Absorption, Distribution and Excretion
Following ingestion, absorption of cholic acid will first be by the small intestine, and is then transported to the liver by the blood for further processing.
Orally administered cholic acid is subject to the same metabolic pathway as endogenous cholic acid. Cholic acid is absorbed by passive diffusion along the length of the gastrointestinal tract. Once absorbed, cholic acid enters into the body's bile acid pool and undergoes enterohepatic circulation mainly in conjugated forms. In the liver, cholic acid is conjugated with glycine or taurine by bile acid-CoA synthetase and bile acid-CoA: amino acid N-acetyltransferase. Conjugated cholic acid is actively secreted into bile mainly by the Bile Salt Efflux Pump (BSEP), and then released into the small intestine, along with other components of bile. Conjugated cholic acid is mostly re-absorbed in the ileum mainly by the apical-sodium-dependent-bile acid transporter, passed back to the liver by transporters including sodium-taurocholate cotransporting polypeptide and organic anion transport protein and enters another cycle of enterohepatic circulation. Any conjugated cholic acid not absorbed in the ileum passes into the colon where deconjugation and 7-dehydroxylation are mediated by bacteria to form cholic acid and deoxycholic acid which may be re-absorbed in the colon or excreted in the feces. The loss of cholic acid is compensated by de-novo synthesis of cholic acids from cholesterol to maintain the bile acid pool in healthy subjects.

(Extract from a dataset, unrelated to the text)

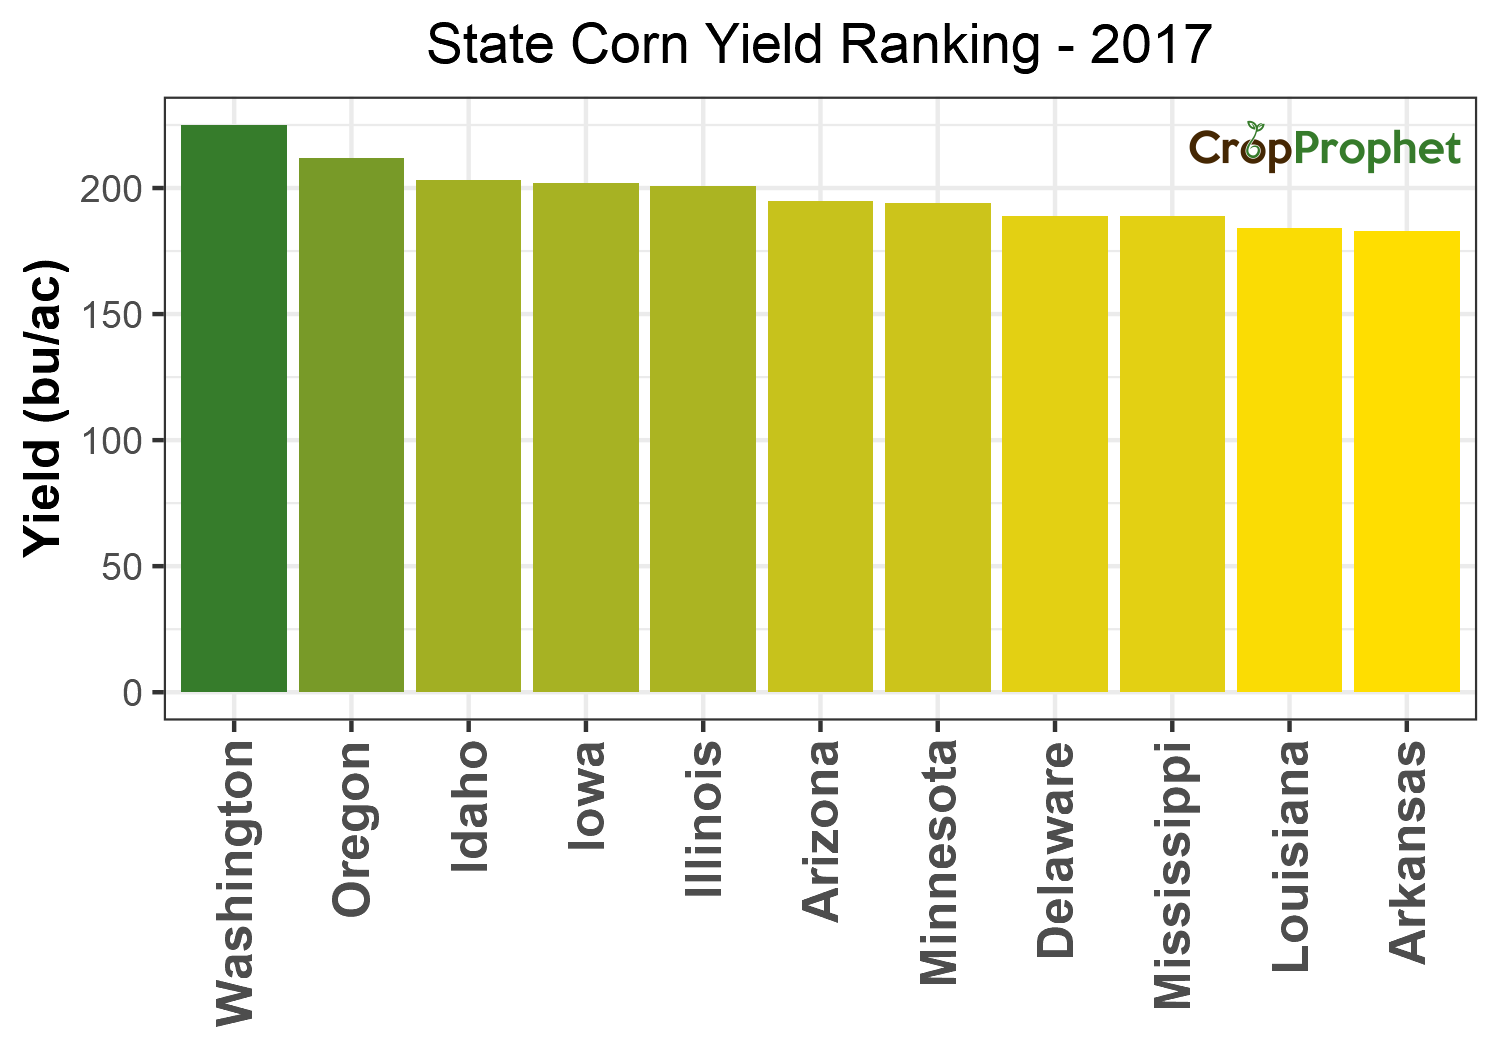 Corn Production by State - 2017 Rankings

Excretion studies in rat showed that cholic acid (CA) is almost exclusively excreted in the feces in the form of metabolite. Only minor amounts of CA were found in the unconjugated form in rat feces. Urinary excretion of bile acids is minimal and in mice fed a 1% CA diet, the excretion of bile acids was 2000-fold higher in feces than in urine
Cholic acid was shown to be mainly absorbed in the distal (ileal) rather than proximal segments of the small intestine in the guinea pig.
For more Absorption, Distribution and Excretion (Complete) data for CHOLIC ACID (9 total), please visit the HSDB record page.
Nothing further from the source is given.